Contextual Films for ‘Closer to Home’ at The Scottish Gallery, 7 – 30 January 2021
Closer to Home – Torlum Wood to Torlum Hill
Media coverage for ‘Closer to Home’
The Courier Weekend magazine 30/1/21
The Scotsman Magazine 16/1/21
The Courier 8/1/21
‘Closer to Home’
The Scottish Gallery, Edinburgh
6th – 30th January 2021
A solo exhibition of 24 paintings and 23 photographs, based in the landscapes around our home in Crieff, Perthshire. During the early part of 2020 the coronavirus COVID-19 caused a lockdown across the UK, and a number of the paintings produced during these months are partly a response to the affects of living in a fearful time.
‘Great Scots’
The Scottish Gallery, Edinburgh
3rd – 27th June 2020
This exhibition was presented online only as the country was in lockdown to suppress the spread of Covid-19. The artworks were mostly created while in isolation. I had been very busy creating a new series for a solo exhibition with The Scottish Gallery for January 2021, so my contribution was selected from these finished paintings.
‘Fully Awake’
Edinburgh College of Art
27thJuly – 25thAugust 2019
Fully Awake is a cycle of exhibitions with an intergenerational approach to how painting is taught. Thirteen artists currently teaching at UK art institutions will show their work alongside that of two guest artists, one of whom they have taught, and the other who has taught them. Exhibiting artists include Sonia Boyce, Alexis Harding and Dan Hays. The show has been curated by Ian Hartshorne and Sean Kaye for the organisation Teaching Painting.
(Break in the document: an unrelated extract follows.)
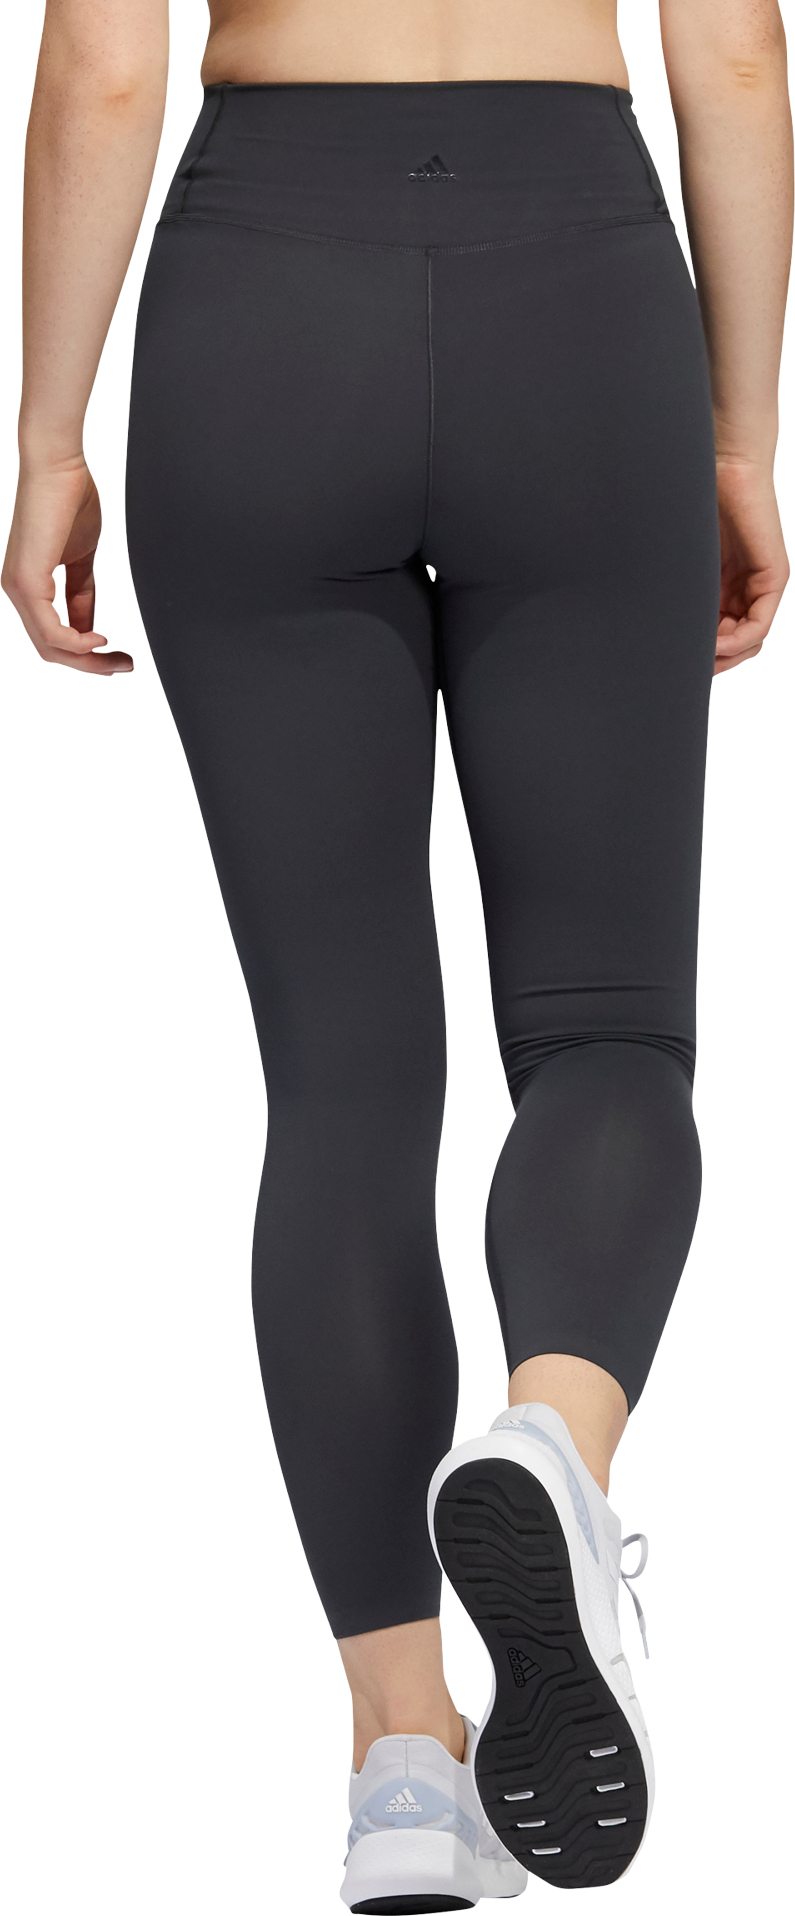 Women's Yoga Luxe Studio 7/8 Tight Chalky Brown, Buy Women's Yoga Luxe  Studio 7/8 Tight Chalky Brown here
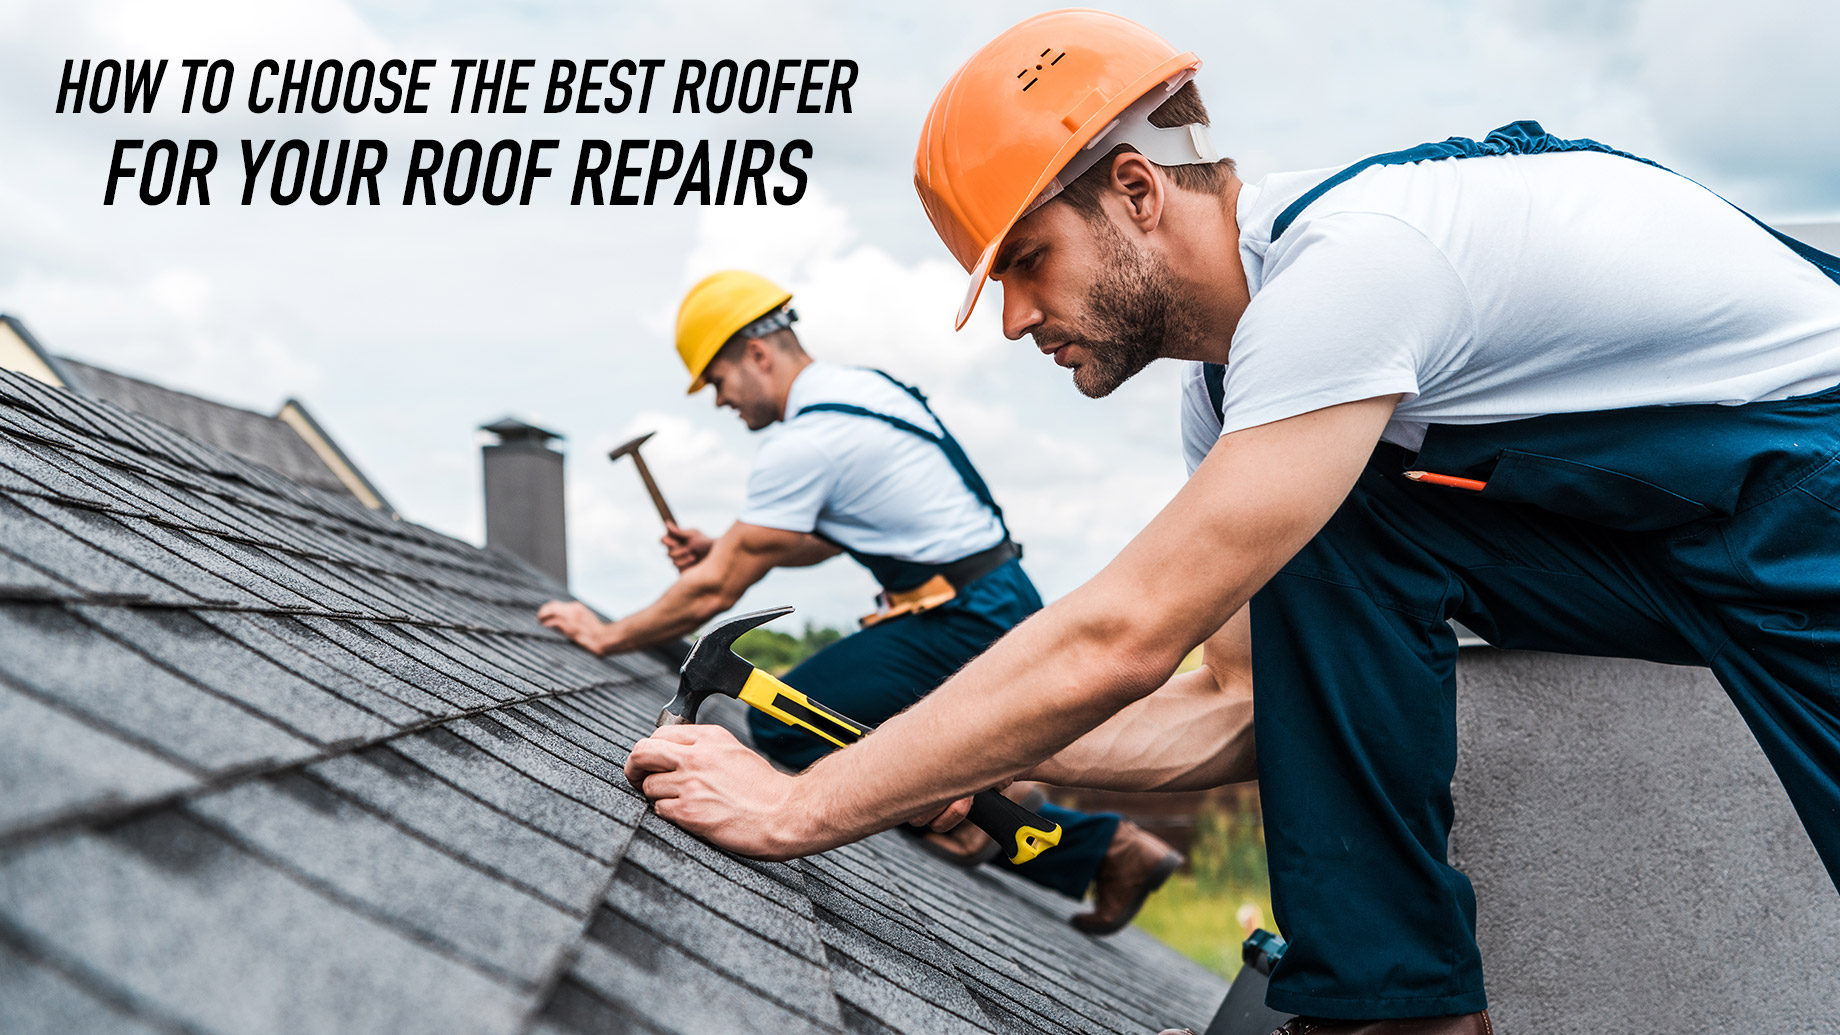 How to Choose the Best Roofer For Your Roof Repairs

I chose to nominate James Morrison as a tutor who had influenced my approach to painting, and Blair McLaughlin, a former student who is forging a successful career. I selected one painting each, to exhibit alongside ‘Spectral Vision on High Ground’ (2017).
‘Back to the Drawing Board’
Roger Billcliffe Gallery, Glasgow
31stMay – 30thJuly 2019
Roger Billcliffe Gallery is staging a summer exhibition devoted to contemporary drawing in Scotland, addressing the challenge that drawing is no longer taught in art schools and therefore has become irrelevant to contemporary practice.
I was delighted to find that one of my drawings had been selected for the front of the invitation card, given that the selected artists represent the very best of contemporary Scottish art.
‘A Year Closer to Home’
A photographic diary by Philip Braham
Published by BLURB, November 2018
ISBN 978-1-38-800585-6
During the first year of our move from Edinburgh to Crieff in rural Perthshire, I documented our new surroundings as the seasons changed, exploring the landscape with fresh and eager eyes. I gave this book the title ‘A Year Closer to Home’ because I came to understand that the idea of ‘home’ need not be rooted in the impressions imprinted during childhood, warm and strong though these are, but that the sense of a longing-to-return might instead be for a destination that still lies ahead: a horizon that has now come into view.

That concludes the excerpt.